Хроники охотника за драконами. Сейчас.

   Ароматный, горьковатый и хмельной дым разрежал сумрачные недра заведения, придавая окружающей атмосфере зыбкость и необязательность. Сидели рядом люди, выпивали, болтали, перемещались – их присутствие рядом уместно и ощутимо, но ненавязчиво, как грамотная театральная декорация…
   – Так теперь вы определенно намерены уехать? – с заметным огорчением и уже в который раз спросил стажер (Хотя какой он теперь стажер? Он теперь полноправный член коллегии следователей и в кармане хранит собственноручно подписанный главой Коллегии патент. Но привычка называть его так осталась… ).
   – Да, мои дела здесь окончены, – отозвался Робьяр, откидываясь на спинку жесткого деревянного кресла.
   – Жаль, жаль, – произнес доктор Бумбен, также расплывшийся в своем кресле с максимальным комфортом и плотоядно наблюдавший, как служитель расставляет на столешнице вторую порцию напитков. – Нам определенно будет вас не хватать… Да и в городе осталось немало занятных дел.

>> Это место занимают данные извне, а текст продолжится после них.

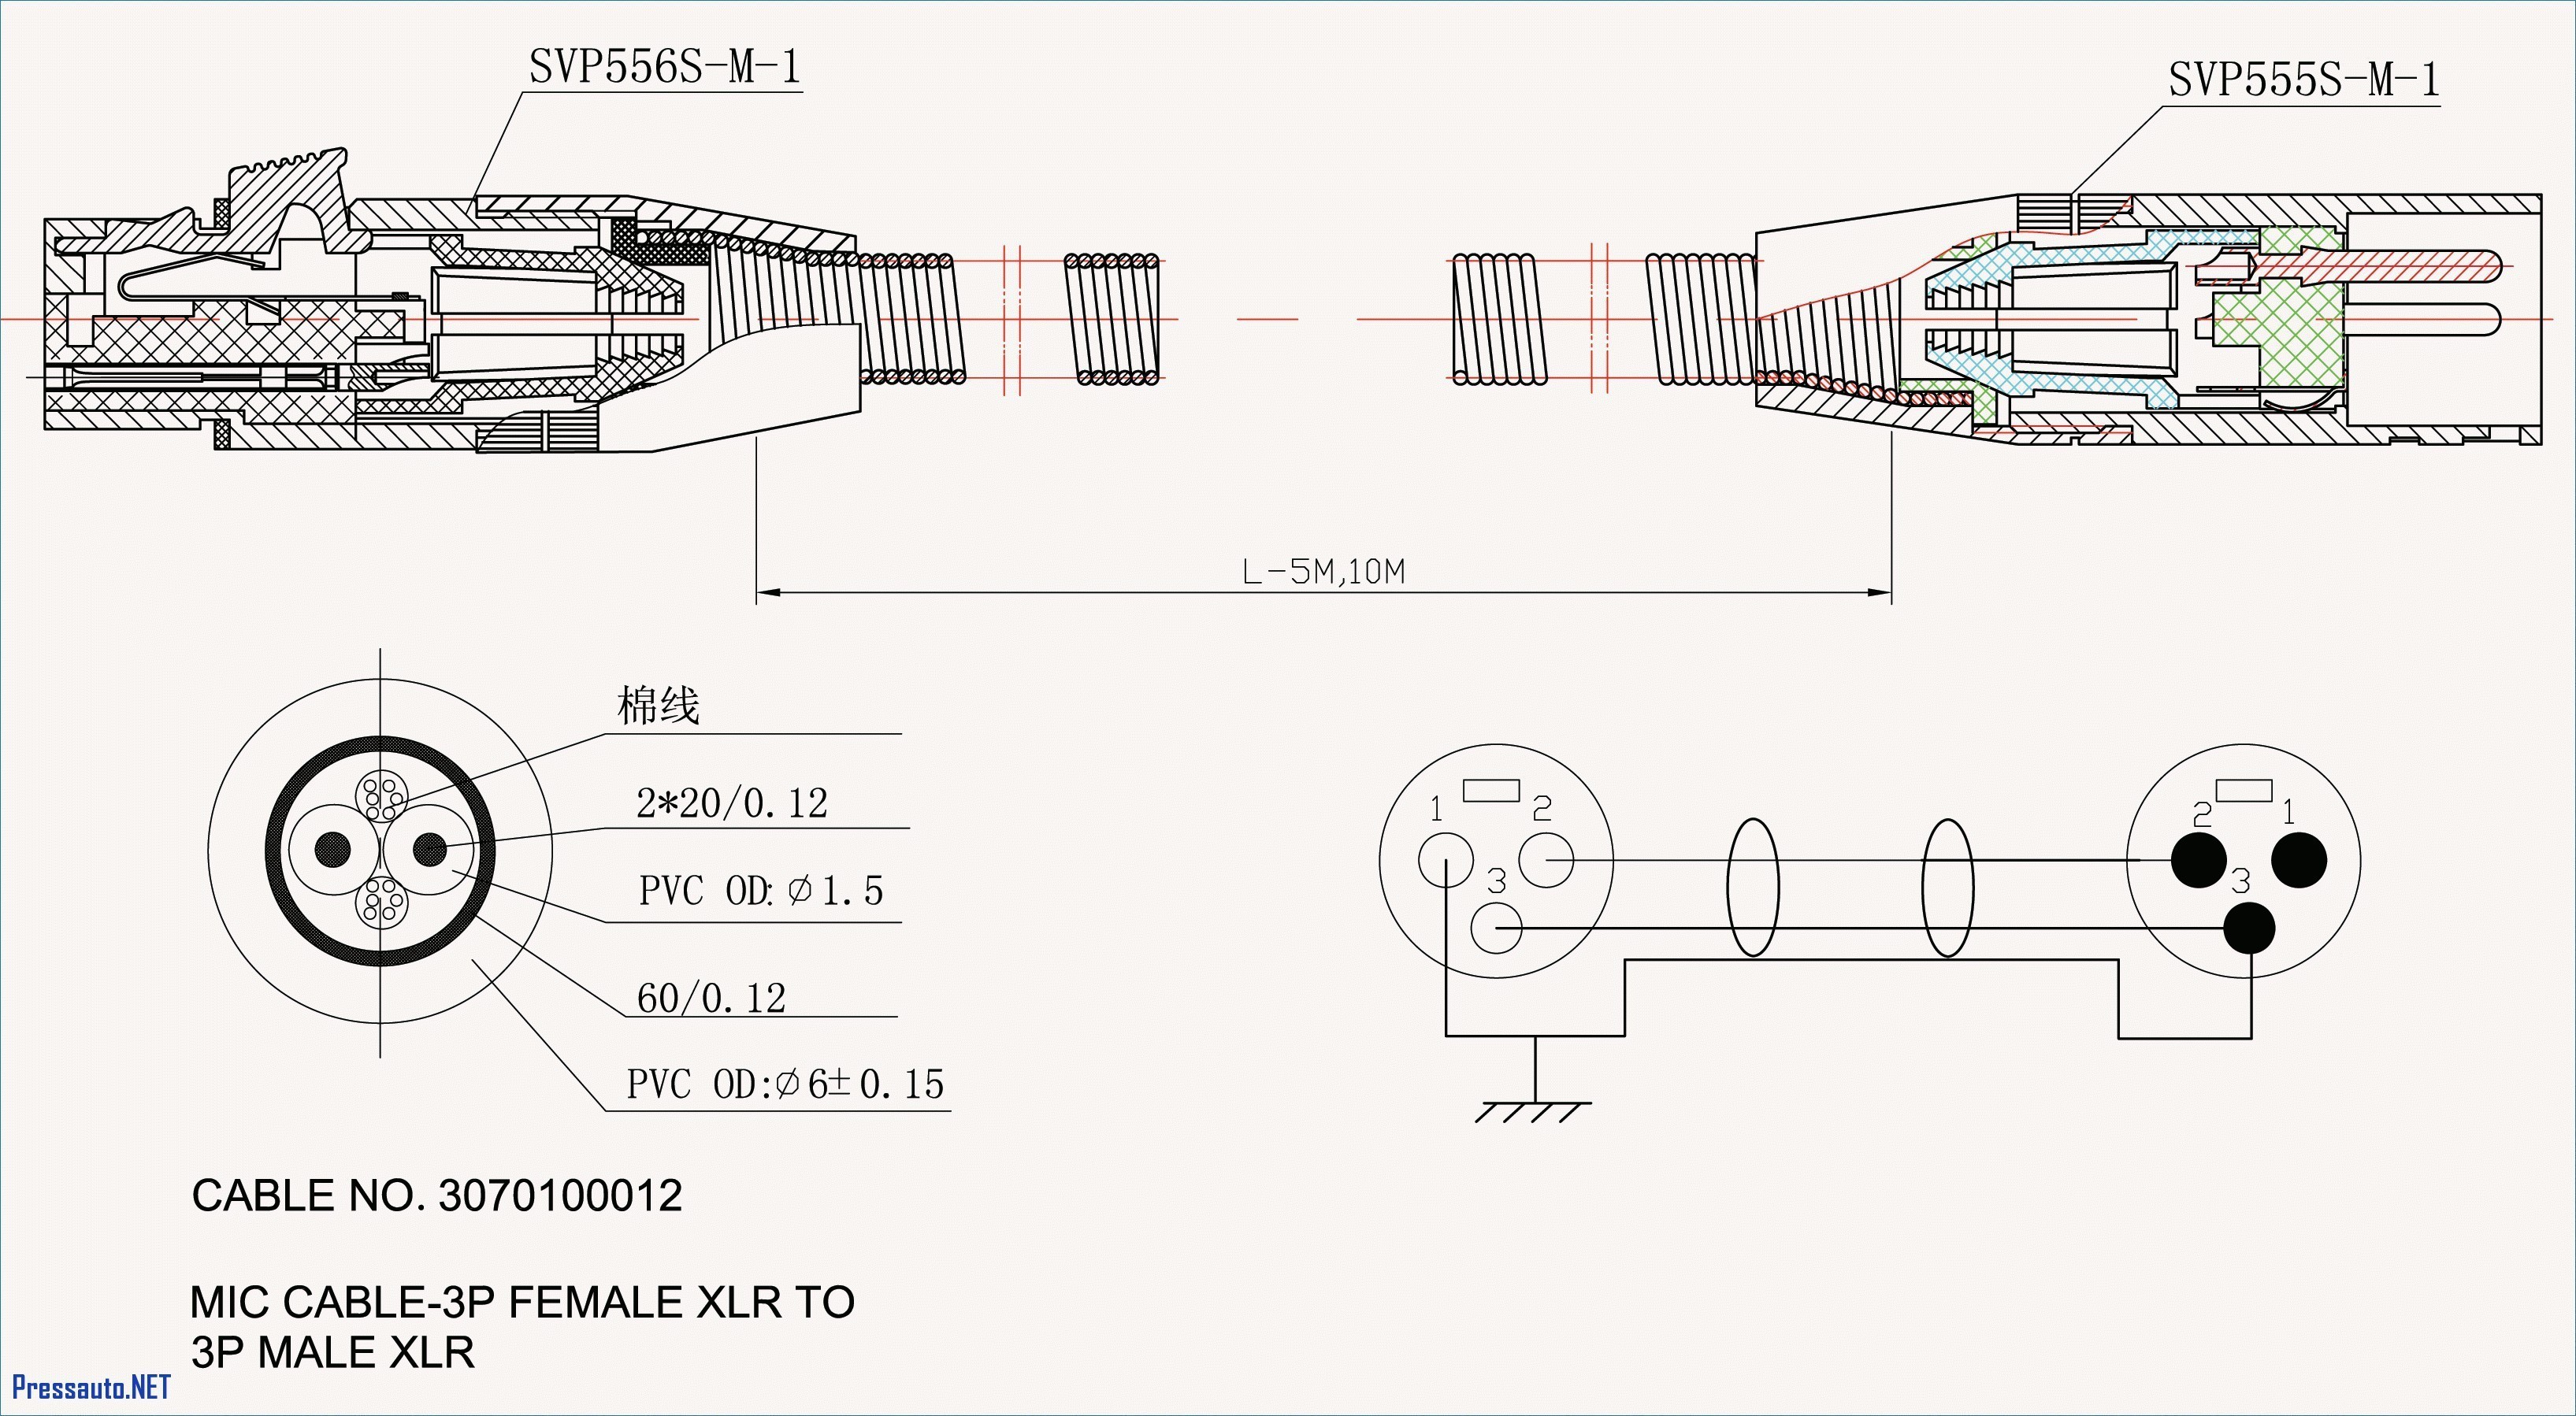 1996 toyota Camry Wiring Diagram 2002 Mazda Tribute Fuse Box Diagram Wiring Diagram Strategy Design Of 1996 toyota Camry Wiring Diagram

   – Это уж вы как-нибудь сами… – пробормотал Робьяр, с опаской пробуя только что поданное вино.
   Нет, знакомый мерзкий привкус не вернулся. Да и с чего бы? Он ведь одержал очередную убедительную победу. Газеты, кипу которых притащил сияющий стажер, кричат об этом на разные голоса, но одинаково восторженно. Только отчего ему все кажется, что он потерпел поражение? И радость какая-то блеклая, словно разведенная ядовитой темной краской. Той самой, что напечатаны газетные тексты…
   «Новый триумф знаменитого сыщика Робьяра!» – вопили газетные заголовки. – «Чудовище из подземелий наконец поймано!» – Каждый восклицательный знак забивается, как гвоздь прямо куда-то в переносицу. – «Он ходил среди нас! Он такой же как мы?», «Охотник настиг добычу!..»
   Робьяр ощутил привычный ноющий укол, словно дернуло больной зуб. Развернул ближайшую газету, стремясь избавиться от мельтешения крупных заголовочных букв.
   «Неужто он и впрямь оказался эдаким чудовищем? И кто бы мог подумать? Такой смирный с виду, вежливый… – в беседе с нашим корреспондентом делится воспоминаниями сосед убийцы. – А что я могу рассказать? Да мы с ним не дружили вовсе. Ну, так что, что дома рядом? Соседи, и только. И что он за человек – я не скажу…» А вот что говорят по месту службы: «…работник, как работник. Не прогуливал, трудился добросовестно… Да, кажется, у него есть семья. Мы не спрашивали, а он не рассказывал… Что? Дочка больная? Да откуда нам знать?..»; «…да ничего особенного, человек, как человек. Ну мы общались иногда, да все больше о делах посторонних… Ну как его описать? Ну… обыкновенный, как все. Что тут еще сказать?..»
   – Как уныло… Человек, о котором никто ничего не может рассказать. И прославился-то не он сам, а его… другое Я, – заметил, меланхолично прихлебывая свое пиво, Бумбен.
   – Значит, теперь можно считать доказанным, что у этого чудовища есть дракон? – жадно полюбопытствовал непосредственный стажер.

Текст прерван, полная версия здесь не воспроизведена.